Сам я умею завидовать

— Вы не разучились радоваться наградам, званиям?

— С одной стороны, я никогда не впадал в безумие от того или иного признания. А с другой, это всегда приятно и, может быть, даже полезно. Если уж совсем откровенно — уверенности и признания на самом деле всегда не хватает. То, что было вчера, все равно становится «вчера». Все, что входит, так сказать, в титульный список, все равно уже было вчера. Мы живем все-таки сегодняшним днем и отчасти пытаемся жить завтрашним.

— Считается, что успеху в театре сопутствуют творческая ревность, зависть. Вы это чувствуете?

— Ревности по отношению к себе я особо не замечаю. Может быть, я невнимателен.

— А может, ее и нет?

— Мне всегда легче считать, что ее нет. Чему ж завидовать — работа довольно трудная, жизнь довольно тяжелая. К счастью, мне не свойственна изматывающая подозрительность. Сам я умею завидовать: когда вижу хороший спектакль — а это не так часто бывает, — завидую и очень увлекаюсь. Мне сразу хочется попробовать сделать что-то самому. В отличие от того, когда вижу плохой спектакль. Плохой спектакль убивает, поэтому я очень осторожно хожу в театр. Начинает казаться, что только такие и бывают и что ты сам делаешь такие. И что театр весь — довольно бессмысленное занятие.

— Кому вы сейчас завидуете?

— Станиславскому, Мейерхольду, Бруку. Завидуешь хорошему созданию. Помню, когда посмотрел «Вишневый сад» Брука, долгие годы был под впечатлением. И сегодня завидую его способности соткать почти из ничего такой плотности духовный мир. Юношей увидел спектакль Фоменко «Милый старый дом» в Театре комедии и, помню, шел, пританцовывая от радости. Мне вдруг открылись еще какие-то возможности театра.

— У Чехова в заметках есть фраза: «Меня каждую минуту бьют по лицу хорошими словами». Вы не чувствуете чего-то похожего?
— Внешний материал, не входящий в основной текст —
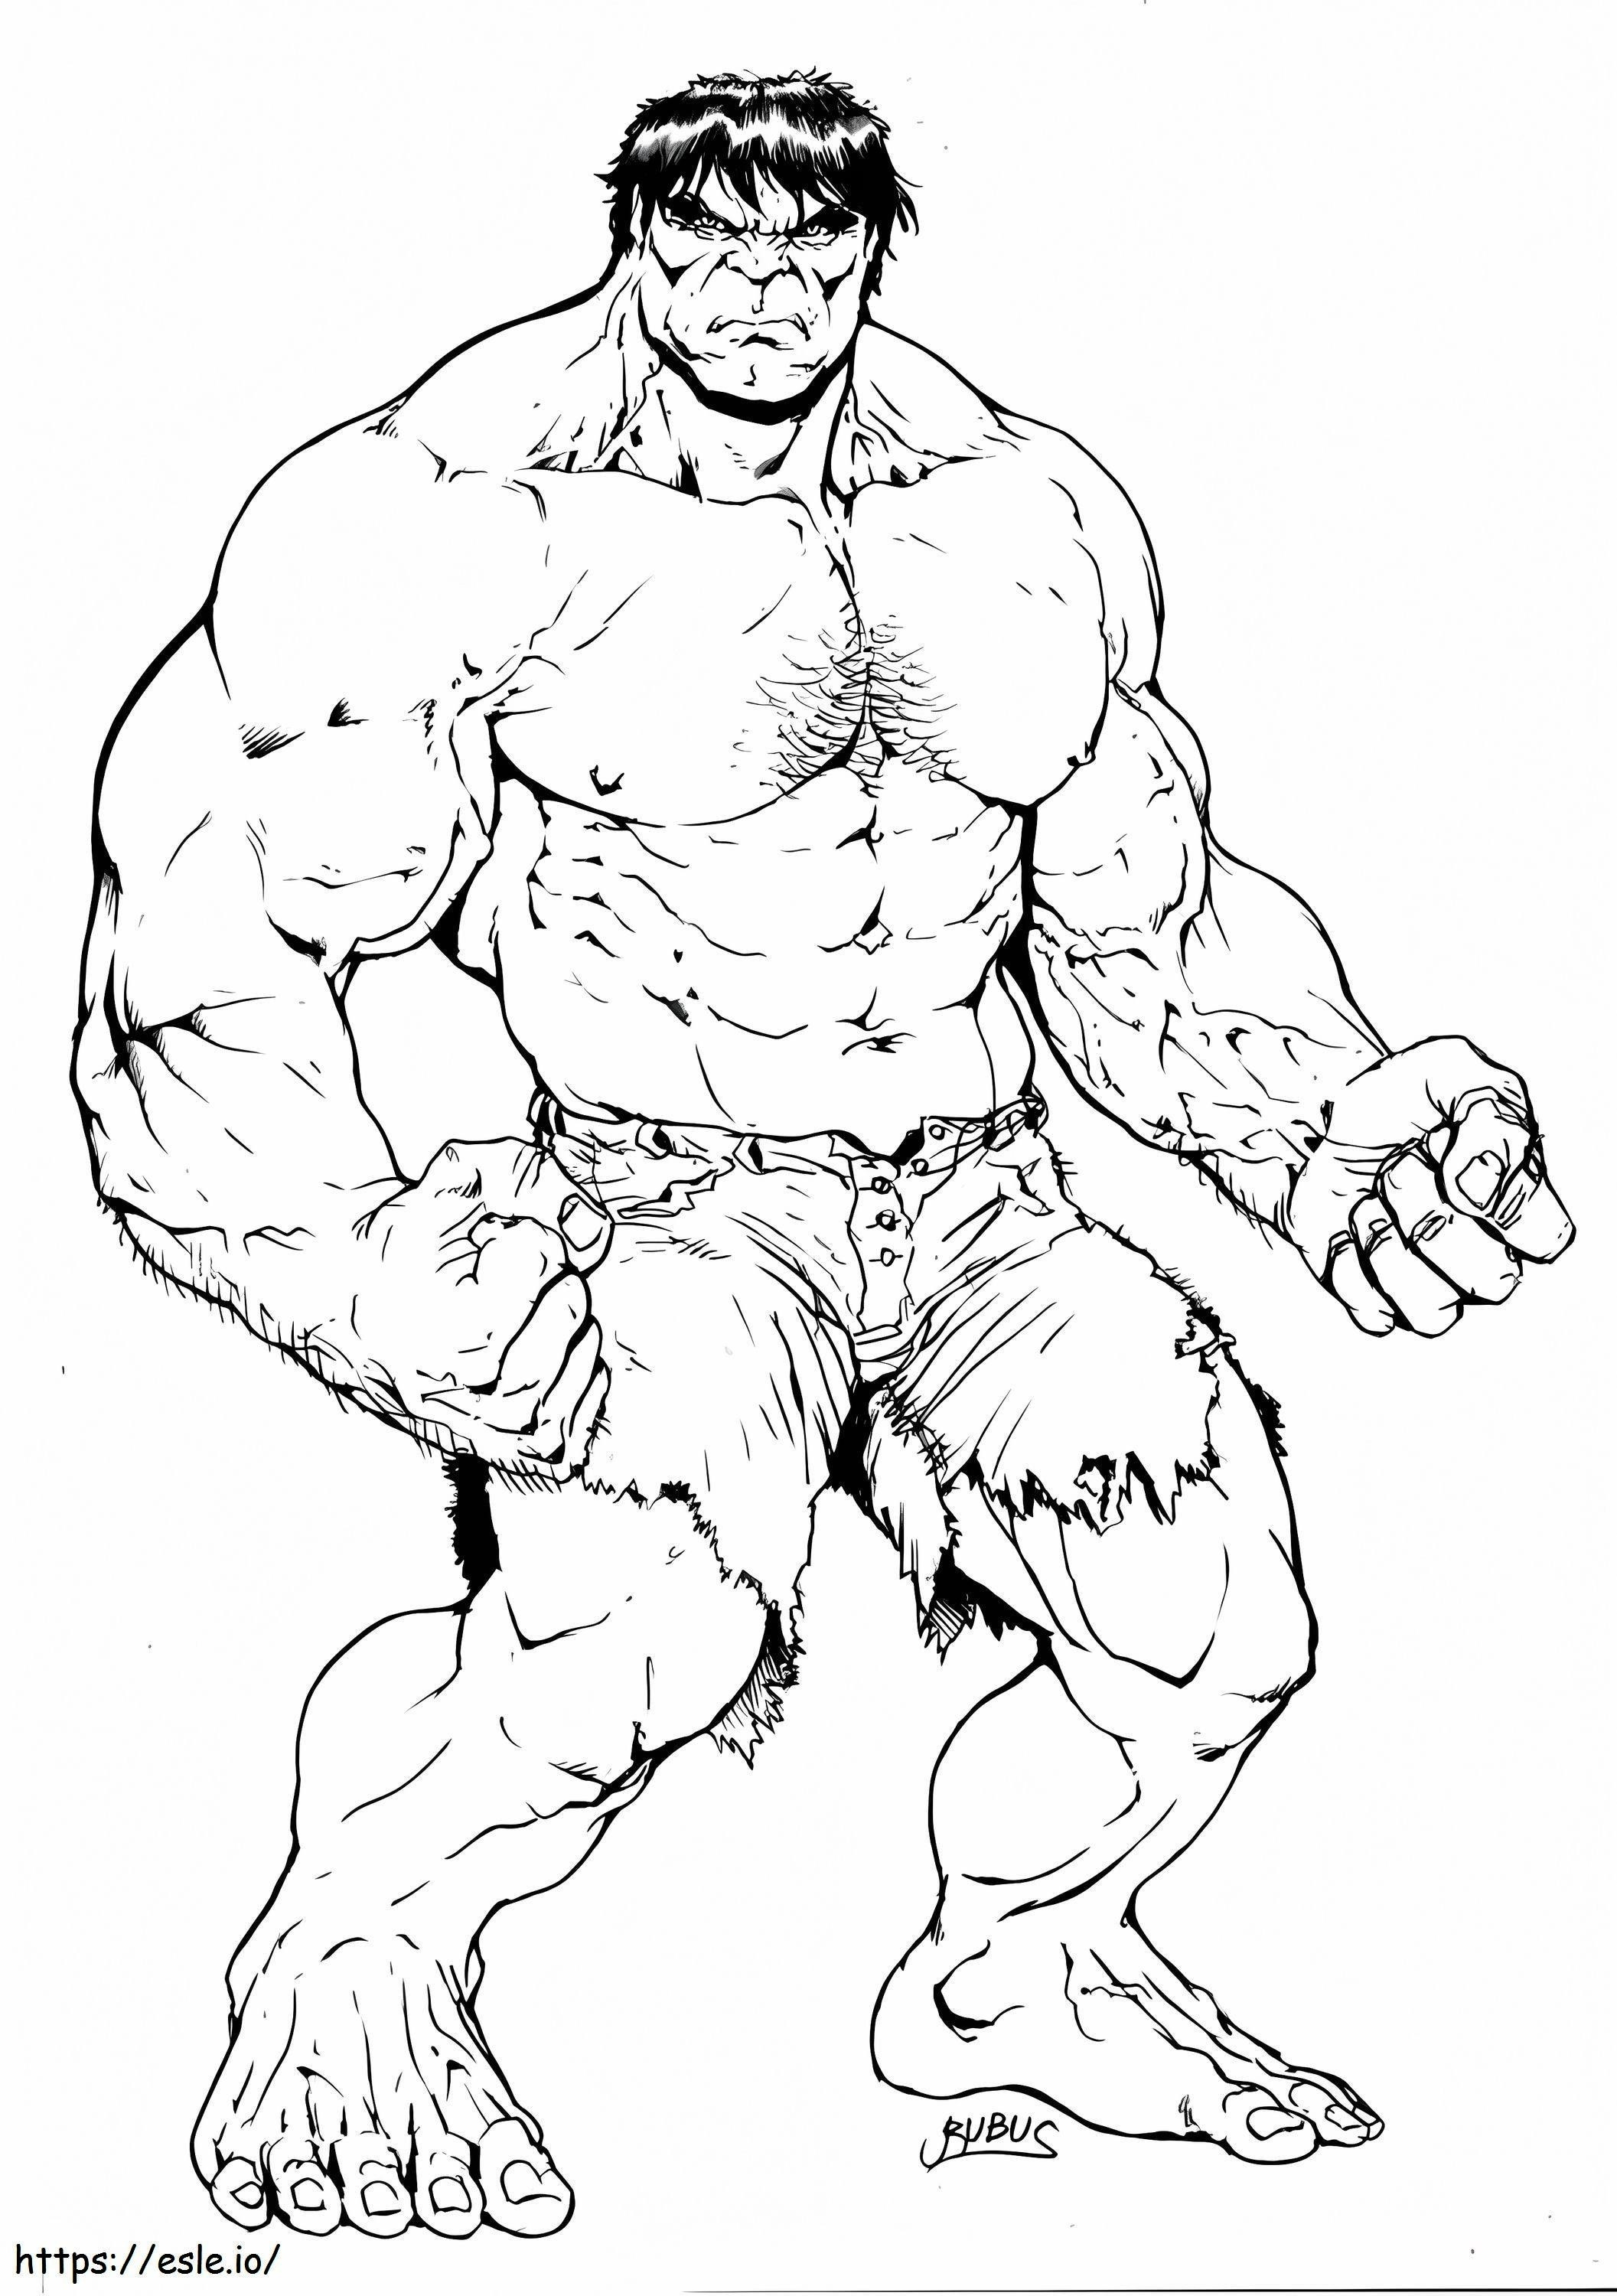 Big Hulk coloring page

— Если с умом хорошие слова говорятся, с искренним добром, то ничего не бьет. Другое дело, что иногда говорят хорошие слова с прямо противоположным знаком — когда хвалят не за то, видят не то. Становится обидно и немножко смурно, как-то уж очень сильно путаются понятия. И потом — все идет полосами. Вот сейчас у нас такая полоса, что хорошо говорят в основном. И забывается, что совсем недавно говорили нехорошо. Так что надо сравнительно спокойно относиться и к тому, и к другому. И про то, и про другое знать, но не очень вникать. Иначе будет битье по лицу, и очень будут ранить перемены. А они, к сожалению, неодолимы. Сегодня маятник качнулся туда, а завтра он, скорее всего, качнется в противоположную сторону.

— Сейчас действительно забылось, что ваши спектакли запрещали, яростно критиковали…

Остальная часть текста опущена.